Laboratory investigation of the effect of river widening and installation of submerged vanes simultaneously on bed load transport

Submerged vanes technique has been used for strengthening river bed, protection of river banks, decreasing erosion in the river bend, preventing penetration of river bed sediments to intake structures, correcting river cross section in the adjacent bridge bases. In the present research using an experimental model by changing different parameters related to submerged vanes, the way of transferring bed load was examined in a separate section.
The objective of this research is examination of the effect of submerged vanes on load convey in a separate section. For this purpose, the middle part of the flume was considered for creating separated and broadened section. From the beginning of the flume 0.7 meter with original width of the flume was considered as slowing down current for establishing a uniform current. After that, two glass boxes with 4 meters length, 0.075 meters width were used for decreasing flume width in higher part of the experimental cross section. Then 1.5 meter length with original width of flume was considered as experimental cross section. From the end of the experimental section to the end of the flume, the conditions of the upstream canal were repeated. After finishing experiment, the rate of sediment progression is recorded in experimental section. Also after finishing experiment, the experimental section is drained and using laser meter device in a 5×3 matrix, the topography of the sediments in experimental section is set. In these experiments, dimensions, angle, arrangement and length distance of submerged vanes change and its effect on vane performance were examined.
Examining the effect of vane dimensions on how to transfer bed load indicated that by increasing submerged vane dimensions, submerged vane performance parameter is also increased.

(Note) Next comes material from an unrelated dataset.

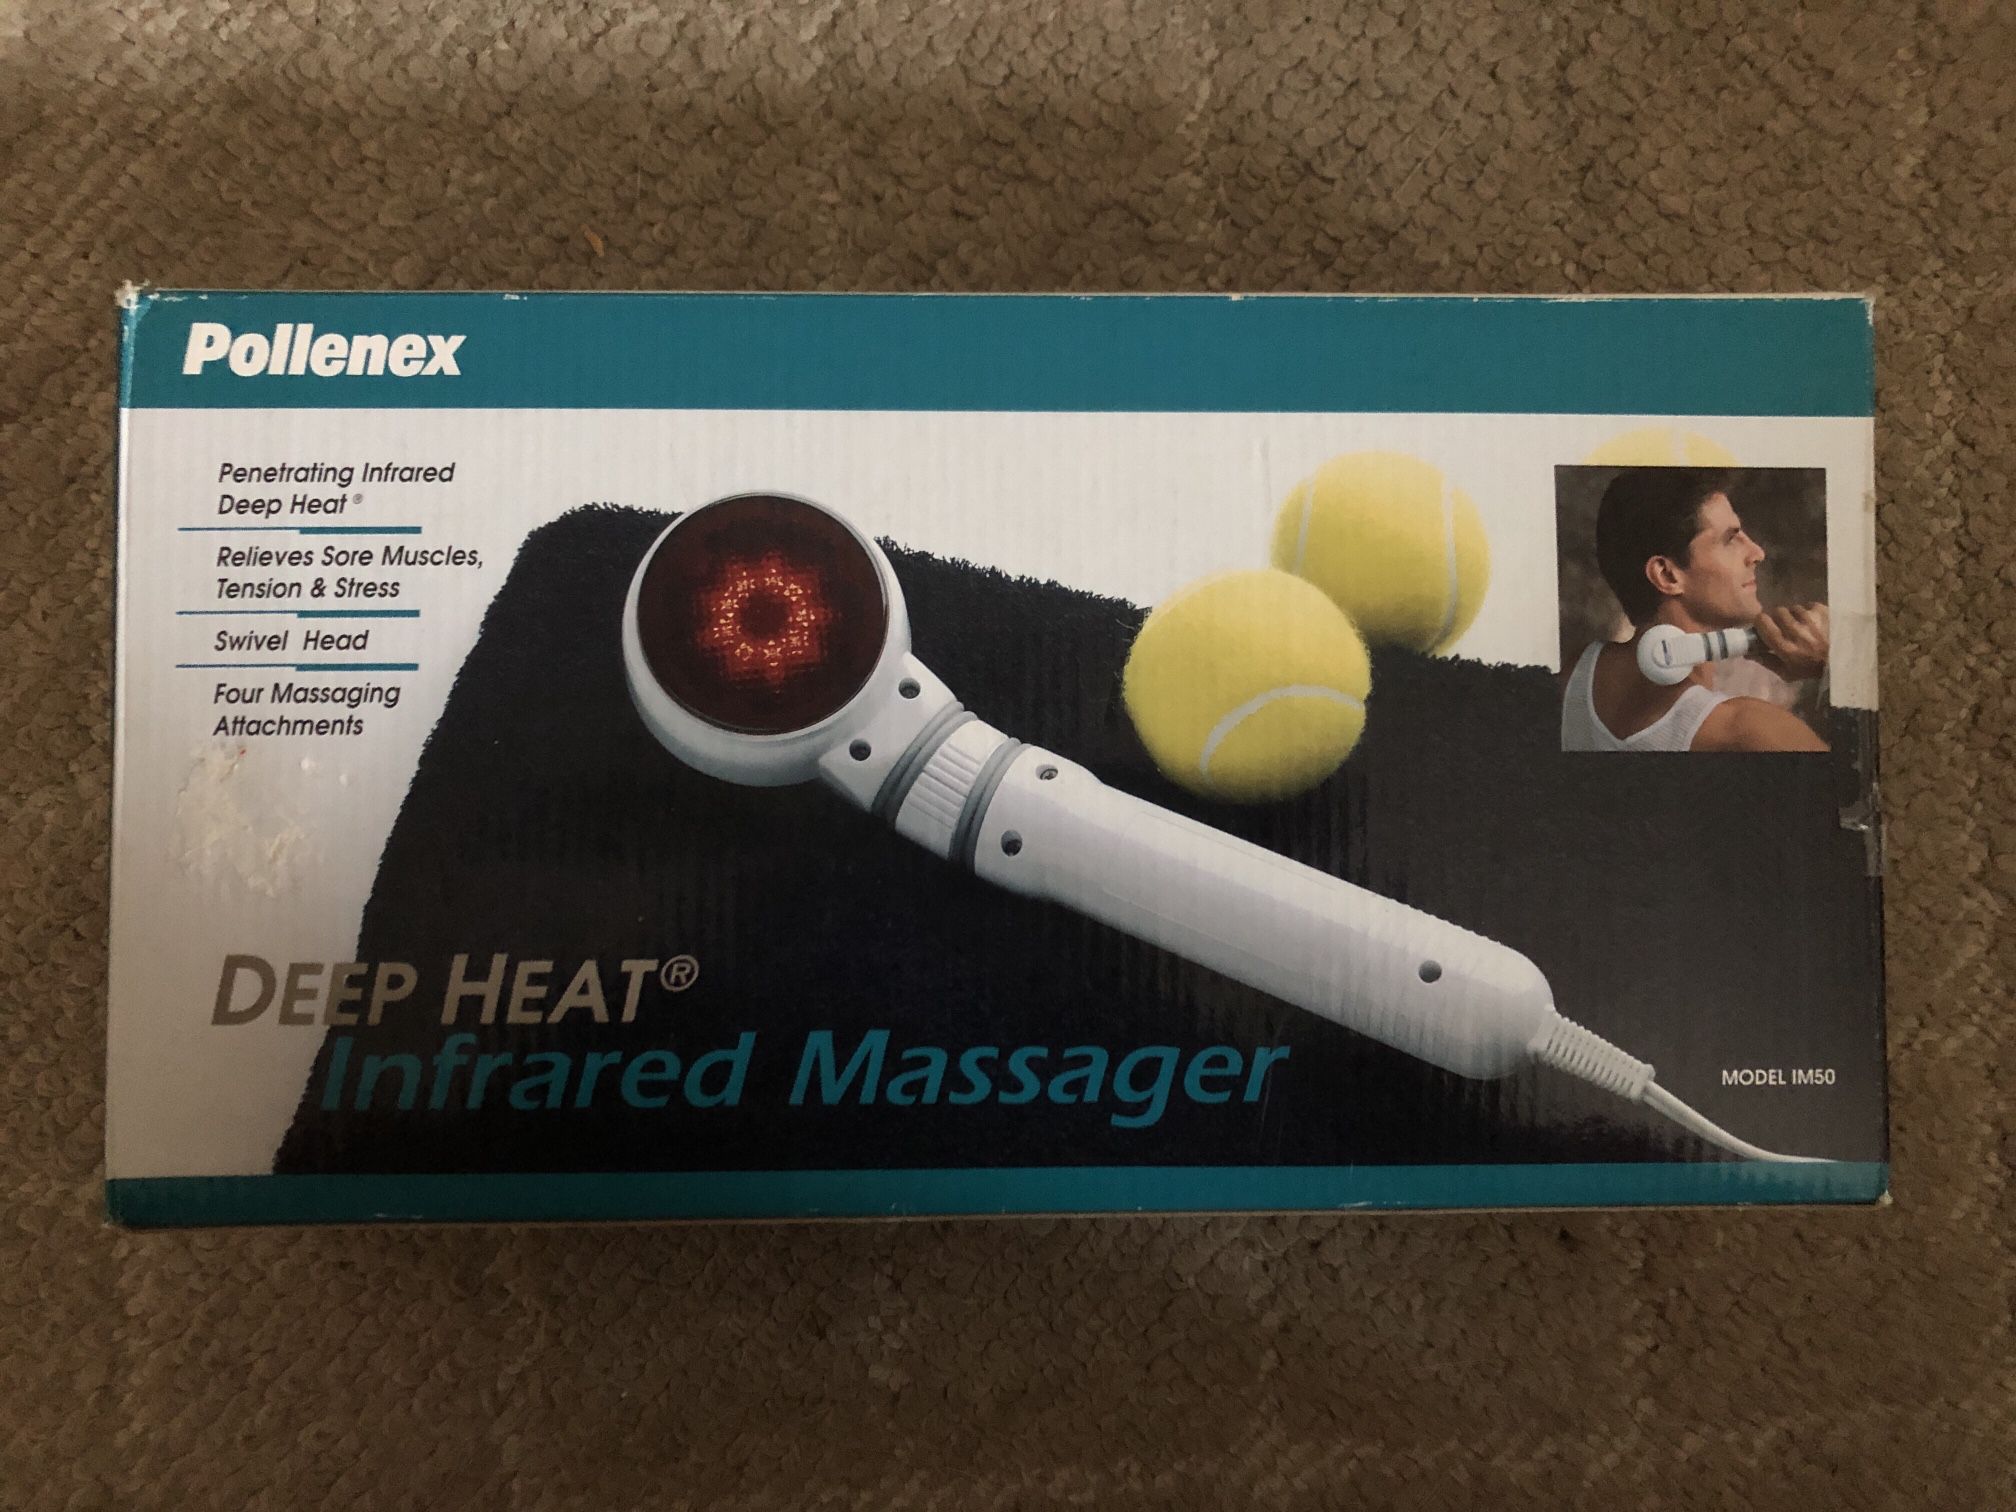 Pollenex Deep Heat Infrared Massager

So that it increased from 10 to 46 percent with increasing the dimensionless length from 0.19 to 0.38 in dimensionless height of 0.31. By increasing the ratio of the dimensionless length, the width distance between vanes is decreased and causes increase in effect domain of whirling currents and this causes whirling movement of sediments around submerged vanes and not forming sediment beds. This causes dispersion and accumulation of sediments around submerged plane and decreases the speed of transferring bed load. For detecting vane performance in different arrangements, eight experiments were conducted. submerged vane performance parameter was higher than zero in all arrangements indicates decreasing bed load transfer and also decreasing bed load progression distance in experimental cross section relation to the observing state. the more number of vanes in Z and parallel arrangement and influence of vortex flows cause that sediment transport velocity is decreased. Generally, experiment parameter varies between 7 to 25 percent. For detecting the effect of installation angle on submerged vanes performance, experiments included six angles. Results indicated that all of the installation angles have positive performance and the submerged vanes in 90 degrees in relation to approaching current showed the highest performance than other installation angles of submerged vanes that was 23 percent.
In general, we can conclude that installation of submerged vanes in experimental phase causes change in progression velocity of sediments and change in sediment distribution pattern. Also the results indicated that increasing dimensions of submerged vanes causes decrease of sediment transfer and increase of sediment accumulation around the first row vanes. According to the results of arrangements, in convergent arrangement with 30 degrees to approaching current, the submerged vanes indicated the best performance. Also chess arrangement because of its rather high width distance in double rows of the vanes has not satisfactory performance.